The objectives of this research are to:

  • review the development of BIM;

  • assess the extent to which the Australian AEC has already adopted BIM;

  • determine whether the benefits achieved by the current users of BIM are consistent with the claims made by the promoters of BIM; and

  • identify the factors that have inhibited the uptake of BIM.

BIM – A Brief Literature Review

There has been a significant increase in the attention academics and industry professionals have directed towards Building Information Modeling in the last five years. For example, several universities and educational institutions, including the University of Salford and Worcester Polytechnic Institute have been researching BIM solutions. Building Smart Alliance (formerly the National Building Information Model Standard) defined Building Information Modeling (BIM) as “a digital representation of physical and functional characteristics of a facility...and a shared knowledge resource for information about a facility forming a reliable basis for decisions during its life-cycle; defined as existing from earliest conception to demolition” (BSA 2009).

Key Terms in this Chapter

Interoperability: A term to be used to describe the ability of various individuals or organizations to interact and work together so that a common goal can be (better) achieved. Under the technology context, it can be defined as the degree to which diverse systems or components are able to exchange information and make most of the exchanged information. This concept has been promoted by a number of organizations such as Institute of Electrical and Electronics Engineers (IEEE).

Entity-Based CAD: Another type of CAD (Computer-Aided Design). It has been widely used throughout the industry, predominantly for drafting purposes. It can produce a 3D model through the projection of lines and arcs.

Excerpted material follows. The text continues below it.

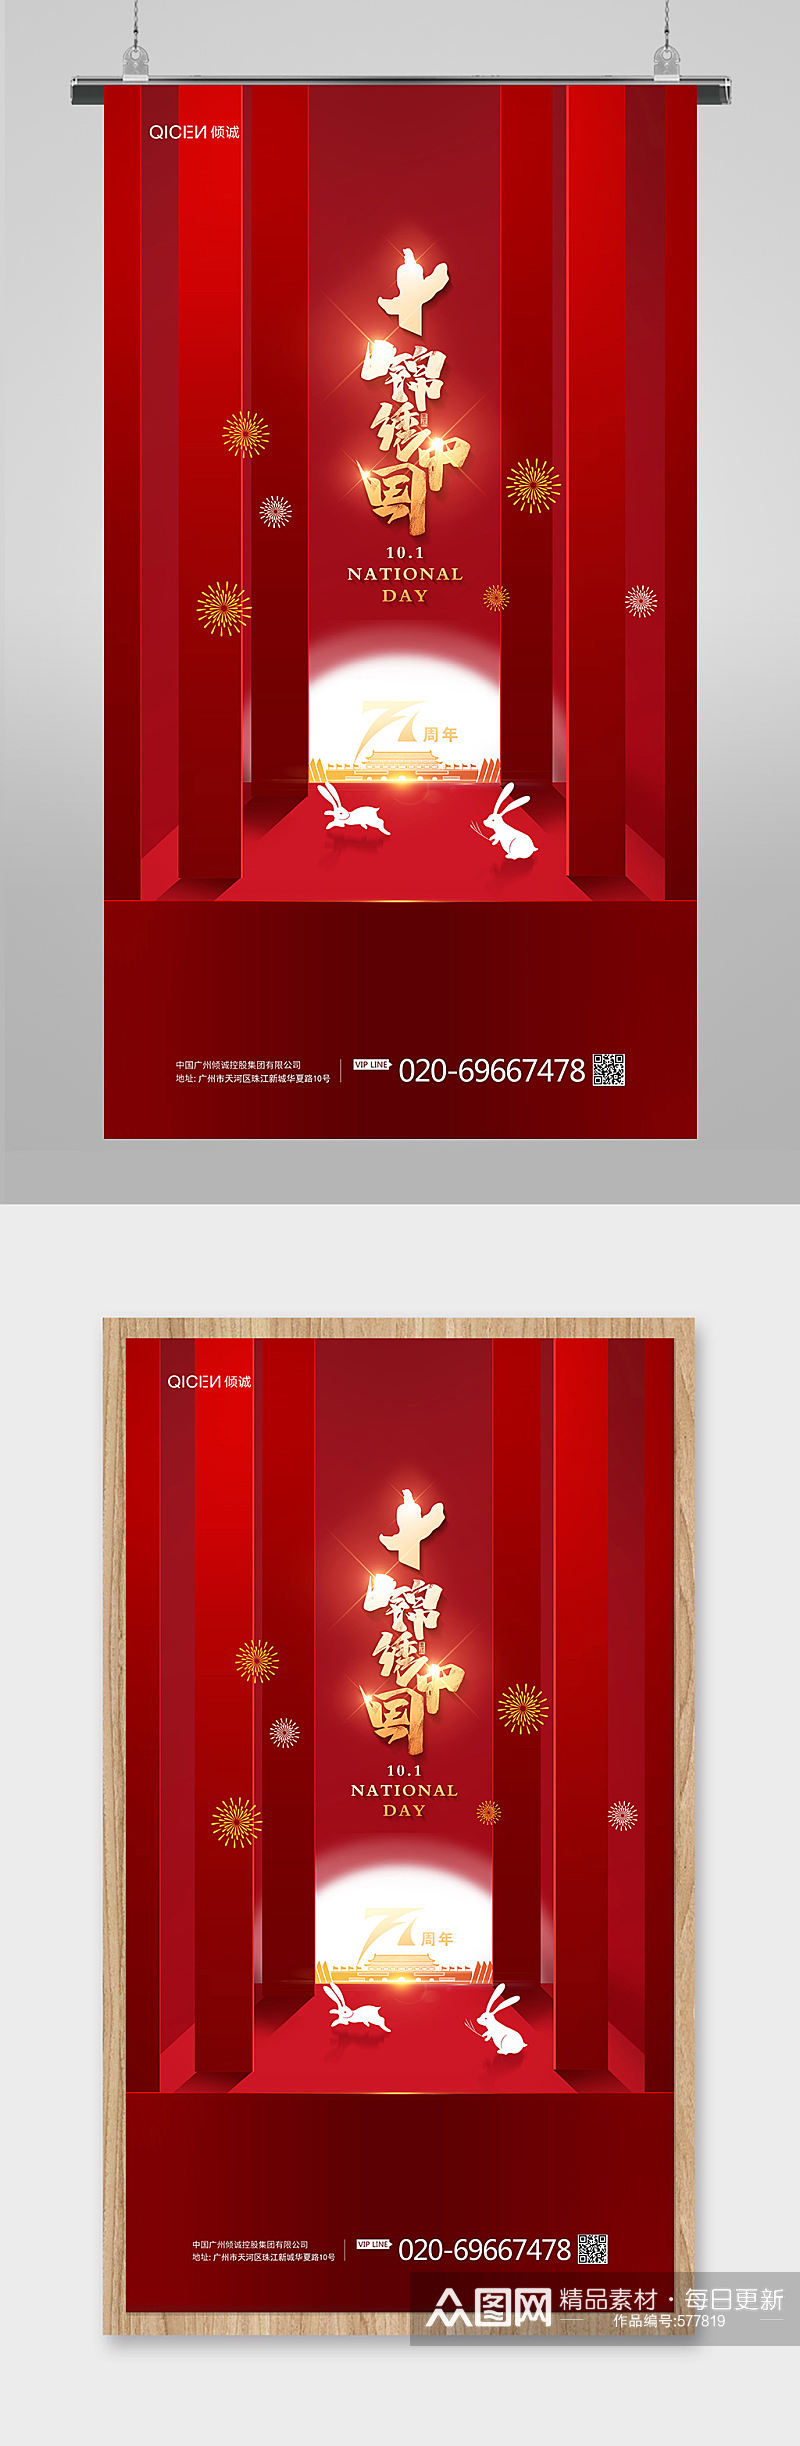 大气红色锦绣中国十一国庆节节日宣传海报素材
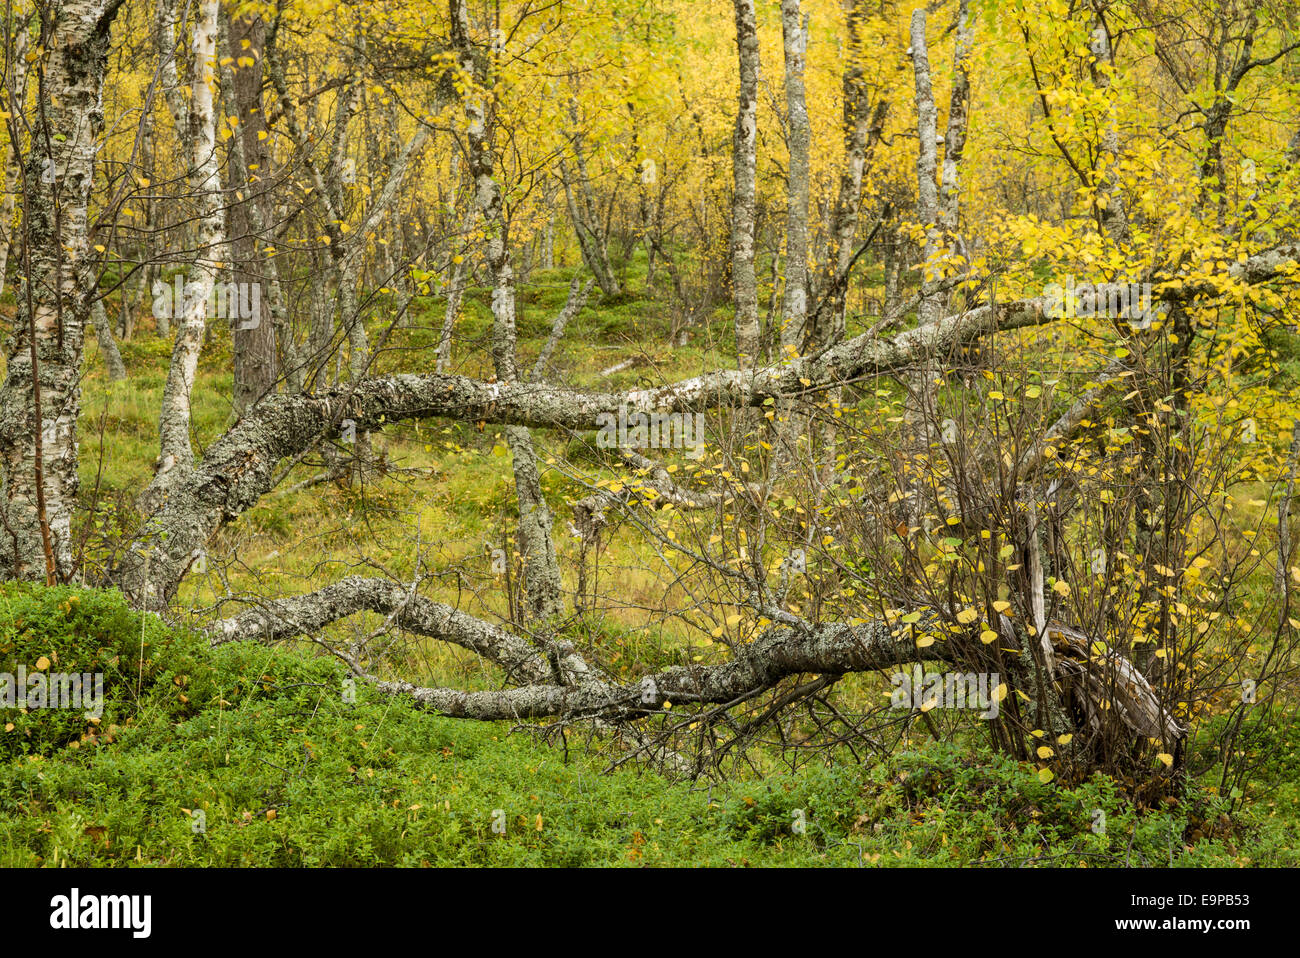 Le bouleau verruqueux (Betula pendula) habitat de forêt ancienne, avec des feuilles en automne, couleur, Skibotn Laponie, Norvège du Nord, septembre Banque D'Images

Building Information Modeling (BIM): “a digital representation of physical and functional characteristics of a facility...and a shared knowledge resource for information about a facility forming a reliable basis for decisions during its life-cycle; defined as existing from earliest conception to demolition” (BSA 2009). It is a philosophy and useful tool to coordinate various inputs to design which also contributes towards the construction.

Object-Based CAD: One type of CAD (Computer-Aided Design). Objects such as doors, windows, stairs and walls can be represented in three dimensions. It has the ability to store non-graphical information relating to the objects including specifications and design constraints.

Life Cycle Management: An approach which looks at various stages of a project (i.e. from conception to completion and commissioning) as a system rather than focusing on a single stage. It recognizes the impacts of both the upfront cost and ongoing cost. In construction context, this approach has been used to measure the cost performance (lifecycle costing) and sustainability performance (footprint).

Constructability: Used to measure the degree to which the design solution can be achieved during the construction stage. It promotes the involvement of the construction team from very early stage of the project. As a result, the construction knowledge and experience can be adopted to optimize the design solution.

Architecture, Engineering and Construction (AEC) Industry: The sector of the construction industry that provides the services on the architectural design, engineering design and construction services. It is a sector which is very active in the adoption of Information, Communication and Technology. This is also a sector which is very active in the international arena.